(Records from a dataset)
########################################

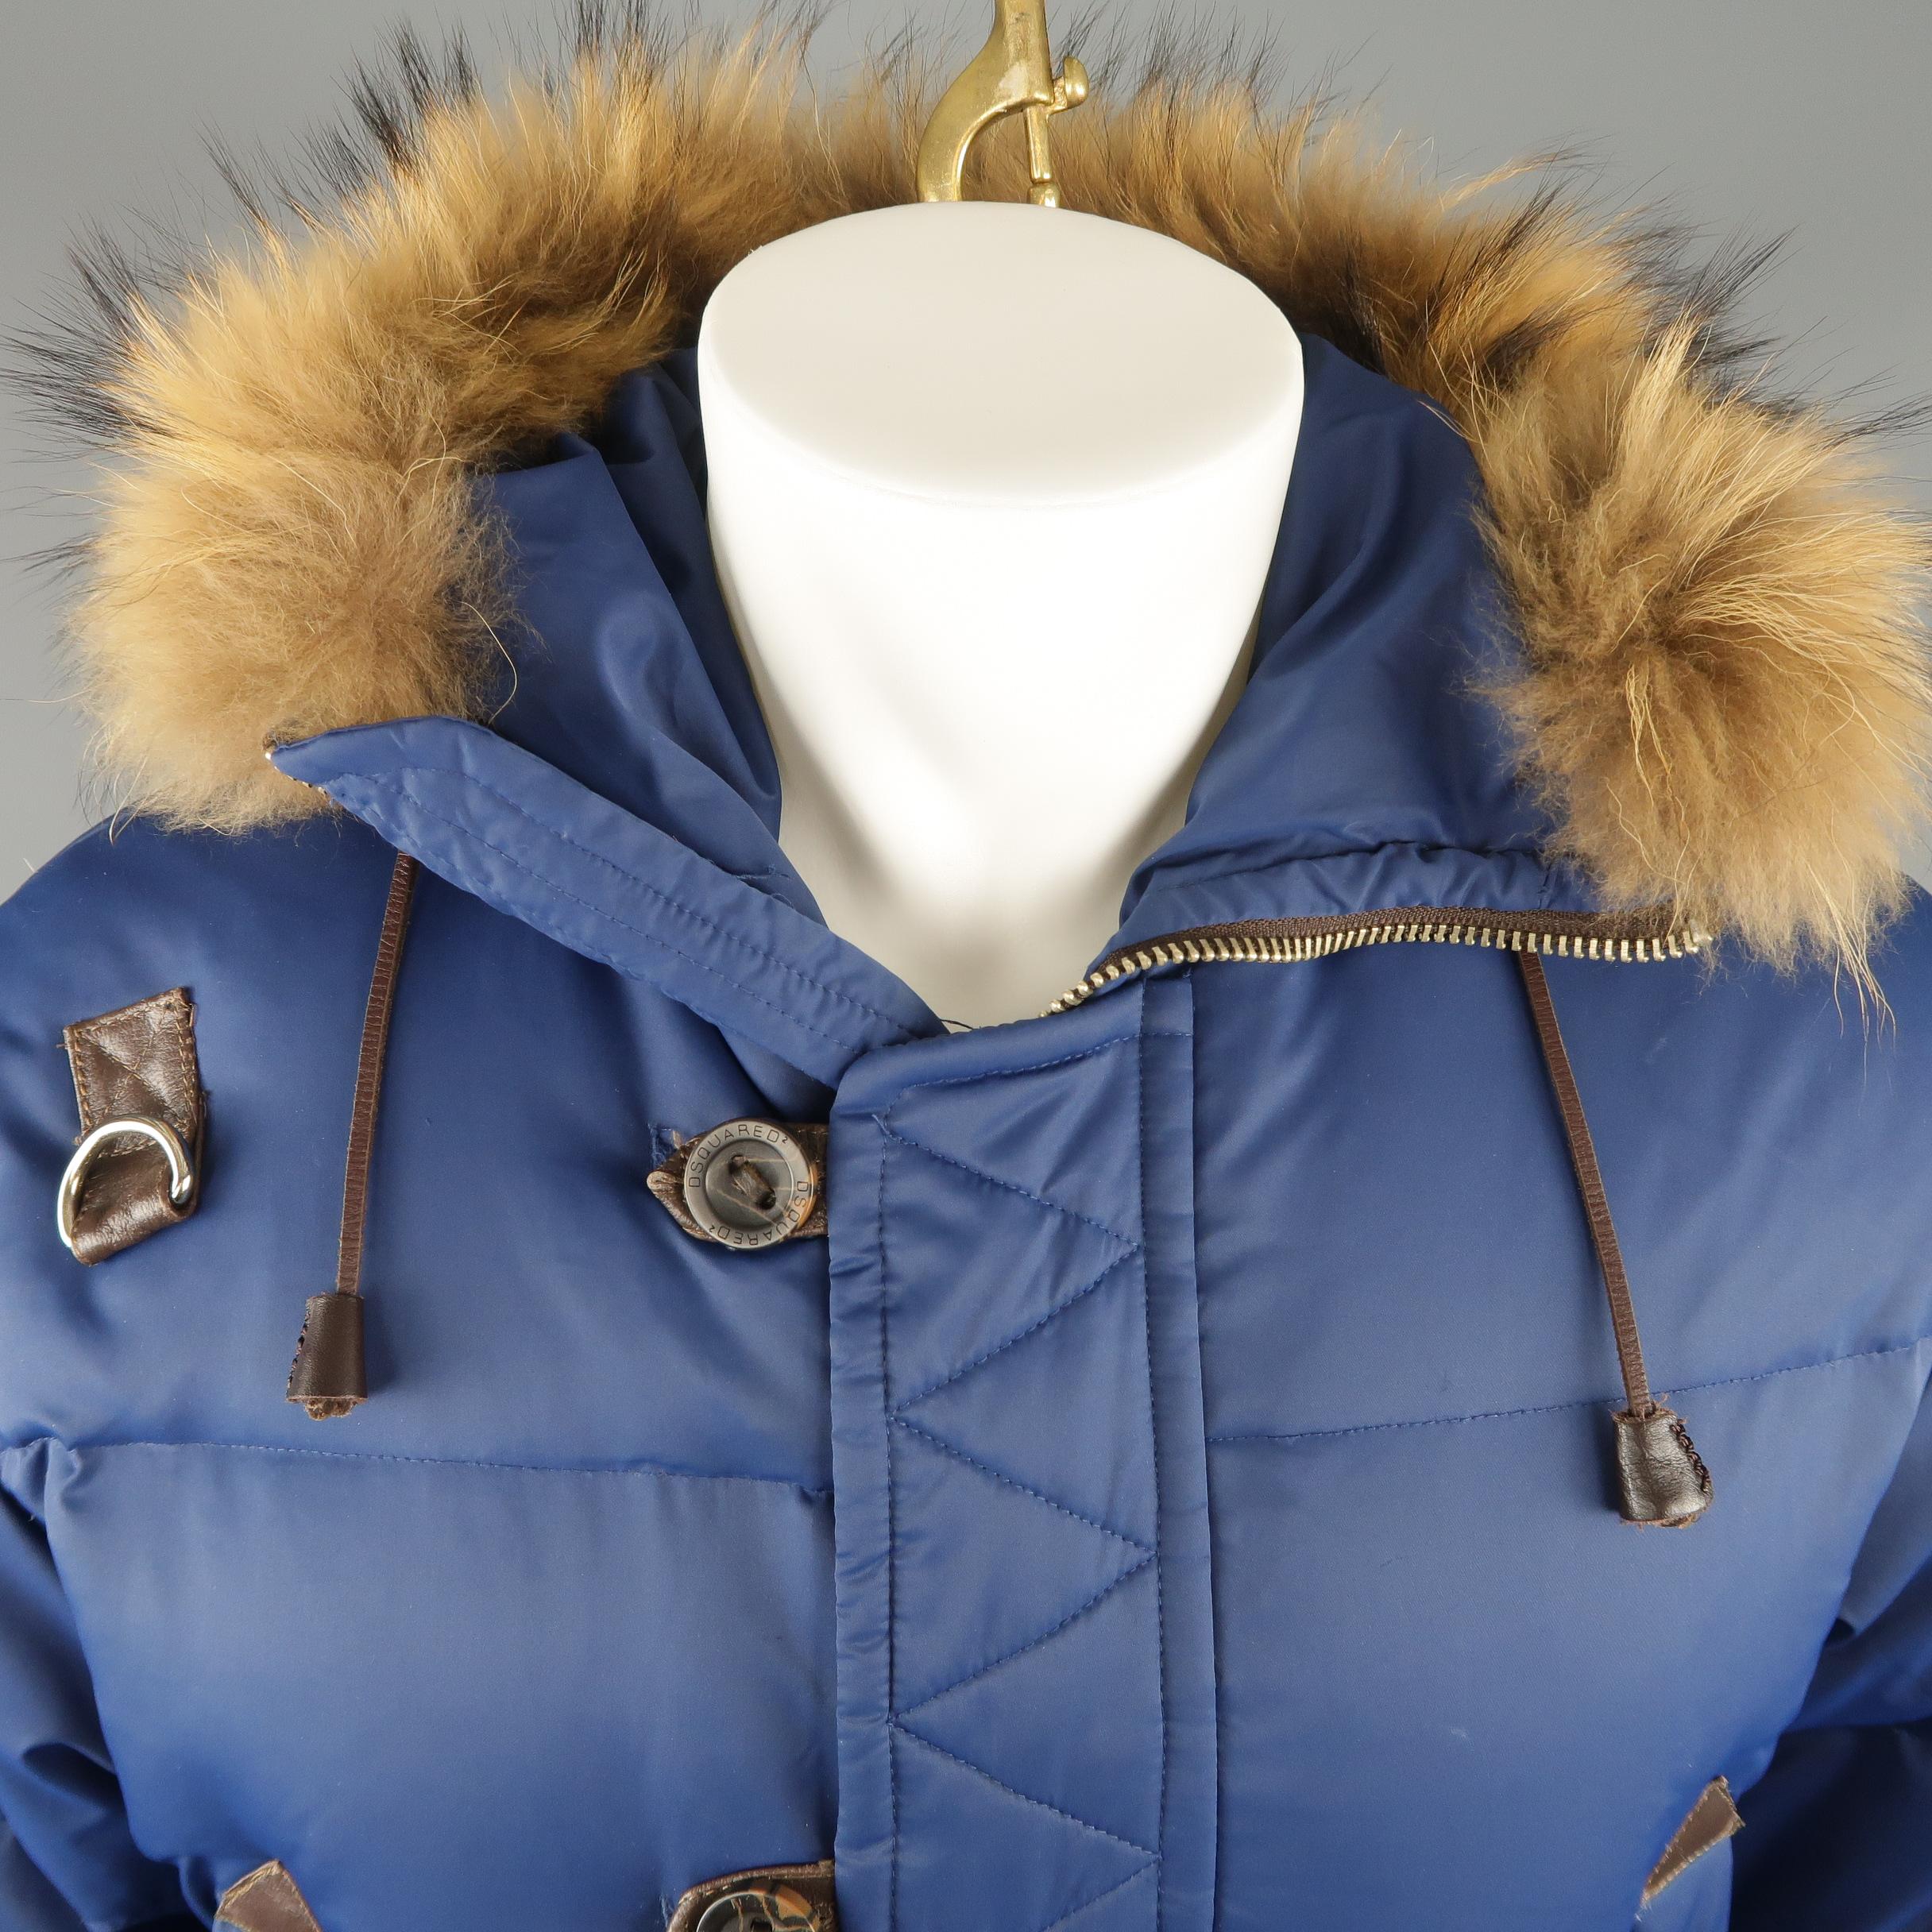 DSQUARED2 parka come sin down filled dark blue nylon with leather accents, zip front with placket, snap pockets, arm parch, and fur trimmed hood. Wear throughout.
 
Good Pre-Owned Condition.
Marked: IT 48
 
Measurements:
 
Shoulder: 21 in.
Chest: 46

########################################

**EXERCISE BRIEF**.
All entries must come back exactly as written, though without their pictures.

**YOUR RESPONSE**.
 DSQUARED2 parka come sin down filled dark blue nylon with leather accents, zip front with placket, snap pockets, arm parch, and fur trimmed hood. Wear throughout.
 
Good Pre-Owned Condition.
Marked: IT 48
 
Measurements:
 
Shoulder: 21 in.
Chest: 46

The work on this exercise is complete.